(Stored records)

---

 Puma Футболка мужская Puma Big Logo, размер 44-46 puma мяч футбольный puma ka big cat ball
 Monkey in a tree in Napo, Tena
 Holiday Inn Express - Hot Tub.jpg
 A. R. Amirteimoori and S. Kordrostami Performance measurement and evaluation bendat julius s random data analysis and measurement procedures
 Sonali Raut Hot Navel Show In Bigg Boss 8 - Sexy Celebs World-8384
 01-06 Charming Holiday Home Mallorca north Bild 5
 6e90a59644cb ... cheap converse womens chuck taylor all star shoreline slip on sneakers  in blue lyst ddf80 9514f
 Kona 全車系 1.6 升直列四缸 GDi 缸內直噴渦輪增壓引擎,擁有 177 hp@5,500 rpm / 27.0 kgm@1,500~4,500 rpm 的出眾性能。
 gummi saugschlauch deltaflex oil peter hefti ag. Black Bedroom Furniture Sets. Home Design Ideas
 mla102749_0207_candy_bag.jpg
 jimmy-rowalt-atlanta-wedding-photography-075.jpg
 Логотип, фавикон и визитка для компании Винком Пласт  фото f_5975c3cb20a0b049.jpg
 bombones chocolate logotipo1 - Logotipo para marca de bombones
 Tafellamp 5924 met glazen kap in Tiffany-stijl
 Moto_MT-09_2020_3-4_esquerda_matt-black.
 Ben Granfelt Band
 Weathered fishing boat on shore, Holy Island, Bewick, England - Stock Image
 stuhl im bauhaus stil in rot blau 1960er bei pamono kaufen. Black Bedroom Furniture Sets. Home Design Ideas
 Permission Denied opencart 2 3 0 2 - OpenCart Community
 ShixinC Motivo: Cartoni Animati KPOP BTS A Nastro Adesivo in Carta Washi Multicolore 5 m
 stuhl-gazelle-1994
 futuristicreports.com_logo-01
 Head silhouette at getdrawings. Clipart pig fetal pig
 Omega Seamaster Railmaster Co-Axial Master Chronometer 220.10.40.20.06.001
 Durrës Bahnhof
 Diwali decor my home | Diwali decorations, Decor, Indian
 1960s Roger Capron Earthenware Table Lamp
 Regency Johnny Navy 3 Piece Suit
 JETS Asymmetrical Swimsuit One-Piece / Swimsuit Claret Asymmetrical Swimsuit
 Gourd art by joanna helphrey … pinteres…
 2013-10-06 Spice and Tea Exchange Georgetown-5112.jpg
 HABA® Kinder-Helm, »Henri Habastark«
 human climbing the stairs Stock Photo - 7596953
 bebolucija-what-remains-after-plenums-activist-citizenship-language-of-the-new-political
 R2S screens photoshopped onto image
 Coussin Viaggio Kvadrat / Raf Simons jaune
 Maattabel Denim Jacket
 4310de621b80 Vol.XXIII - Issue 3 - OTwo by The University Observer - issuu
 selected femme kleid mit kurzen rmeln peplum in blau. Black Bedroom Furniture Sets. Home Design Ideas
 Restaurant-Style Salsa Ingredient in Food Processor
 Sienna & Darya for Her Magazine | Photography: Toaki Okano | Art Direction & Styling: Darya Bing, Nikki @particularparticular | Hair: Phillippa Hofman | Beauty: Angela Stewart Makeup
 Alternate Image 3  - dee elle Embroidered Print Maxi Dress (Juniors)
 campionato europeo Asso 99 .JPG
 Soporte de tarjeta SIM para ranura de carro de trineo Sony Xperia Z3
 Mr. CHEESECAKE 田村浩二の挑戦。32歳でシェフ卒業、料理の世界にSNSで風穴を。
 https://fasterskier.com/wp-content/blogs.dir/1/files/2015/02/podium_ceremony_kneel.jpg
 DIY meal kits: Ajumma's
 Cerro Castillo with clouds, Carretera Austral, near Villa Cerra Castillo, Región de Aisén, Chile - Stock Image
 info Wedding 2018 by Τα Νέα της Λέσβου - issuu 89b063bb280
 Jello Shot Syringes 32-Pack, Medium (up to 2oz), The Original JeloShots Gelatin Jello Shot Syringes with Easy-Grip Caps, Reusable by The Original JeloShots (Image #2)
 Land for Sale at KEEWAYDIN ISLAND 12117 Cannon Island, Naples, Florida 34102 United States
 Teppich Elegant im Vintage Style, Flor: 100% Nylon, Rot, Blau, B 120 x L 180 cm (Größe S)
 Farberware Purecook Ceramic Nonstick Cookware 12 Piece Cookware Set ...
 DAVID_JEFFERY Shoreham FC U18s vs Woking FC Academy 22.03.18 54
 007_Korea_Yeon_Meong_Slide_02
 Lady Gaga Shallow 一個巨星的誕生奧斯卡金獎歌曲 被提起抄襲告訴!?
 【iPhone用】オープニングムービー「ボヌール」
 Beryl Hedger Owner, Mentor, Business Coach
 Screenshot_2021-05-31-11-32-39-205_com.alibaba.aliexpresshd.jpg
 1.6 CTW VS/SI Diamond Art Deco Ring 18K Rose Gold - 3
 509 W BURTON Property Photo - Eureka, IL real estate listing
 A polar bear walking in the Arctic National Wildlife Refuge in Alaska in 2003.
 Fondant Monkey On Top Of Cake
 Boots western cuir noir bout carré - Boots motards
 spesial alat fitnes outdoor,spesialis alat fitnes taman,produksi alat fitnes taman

---

**TASK ITEM**
Only the lines from the beginning of the entries through the line bearing "Kona 全車系 1.6" should be returned, each exactly as written.

**SOLVED PROBLEM**
 Puma Футболка мужская Puma Big Logo, размер 44-46 puma мяч футбольный puma ka big cat ball
 Monkey in a tree in Napo, Tena
 Holiday Inn Express - Hot Tub.jpg
 A. R. Amirteimoori and S. Kordrostami Performance measurement and evaluation bendat julius s random data analysis and measurement procedures
 Sonali Raut Hot Navel Show In Bigg Boss 8 - Sexy Celebs World-8384
 01-06 Charming Holiday Home Mallorca north Bild 5
 6e90a59644cb ... cheap converse womens chuck taylor all star shoreline slip on sneakers  in blue lyst ddf80 9514f
 Kona 全車系 1.6 升直列四缸 GDi 缸內直噴渦輪增壓引擎,擁有 177 hp@5,500 rpm / 27.0 kgm@1,500~4,500 rpm 的出眾性能。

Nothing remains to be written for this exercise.